Officials at the Department of Health and Human Services released a new report questioning the validity of purported “gender-affirming care,” noting the physical harms that come from the treatment methods used on minors claiming transgender identity or enduring gender dysphoria.
The new report, designed as a “review of evidence and best practices” related to transgender procedures on minors, warned that the “gender-affirming” model of care for children “includes irreversible endocrine and surgical interventions on minors with no physical pathology.”
The interventions “carry risk of significant harms,” such as infertility, sexual dysfunction, impaired bone density, poor cognition, cardiovascular disease, and surgical complications.
While treatments in other segments of the medical world are “first established as safe and effective in adults,” the development of purported “gender-affirming care” instead started in children, with certain researchers developing the “pediatric medical transition protocol in response to disappointing psychosocial outcomes in adults who underwent medical transition.”
Other issues with “gender-affirming care” include protocols which were “adopted internationally before the publication of the first outcome studies,” as well as the continual lack of a “consensus about best practices for the care of children and adolescents with gender dysphoria.”
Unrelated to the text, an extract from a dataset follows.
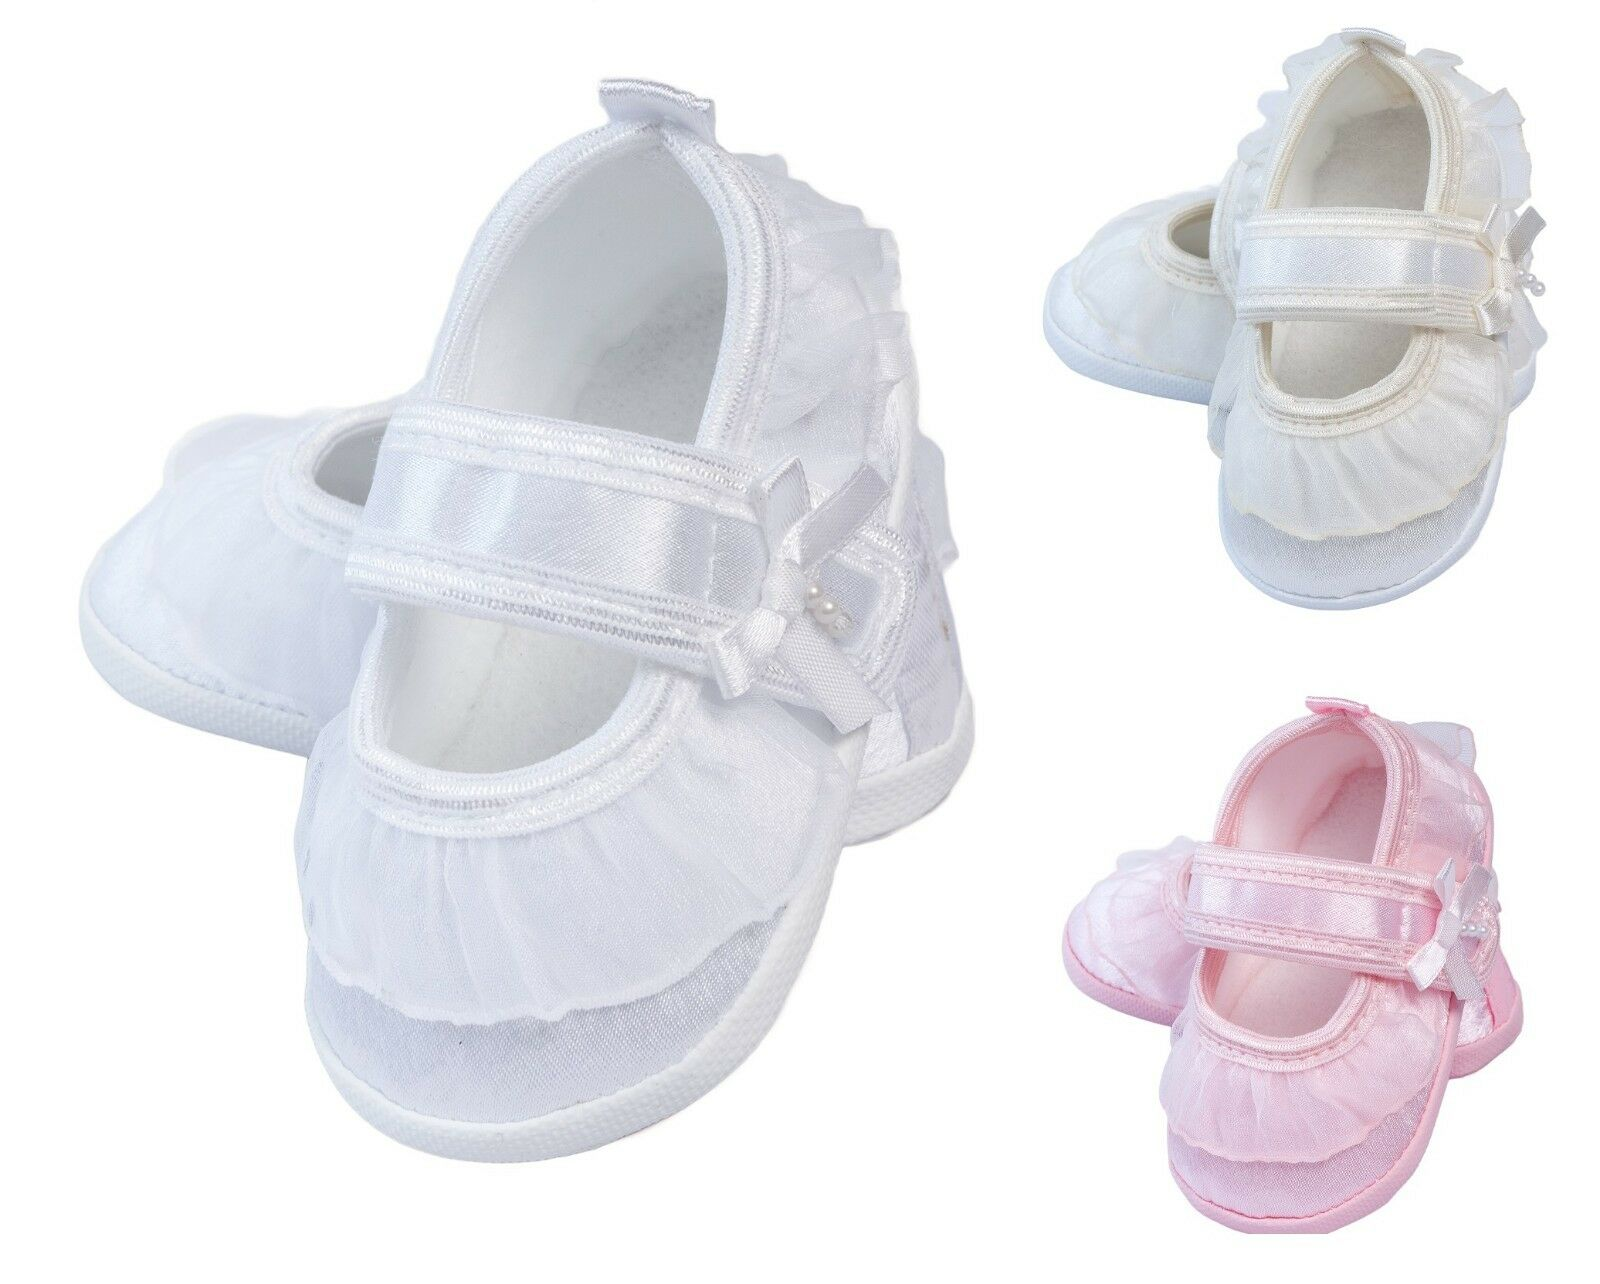 Babyschuhe Ivory Test Vergleich +++ Babyschuhe Ivory

Trump administration officials have implemented policies against “gender-affirming care” in recent months, even after the Biden administration consistently claimed over the past four years that “gender-affirming care” is beneficial for the physical and mental wellbeing of children.
Skeptics of surgical and hormonal procedures counted as “gender-affirming care” note the physical harms they render and the inherent impossibility of changing the sex of an individual.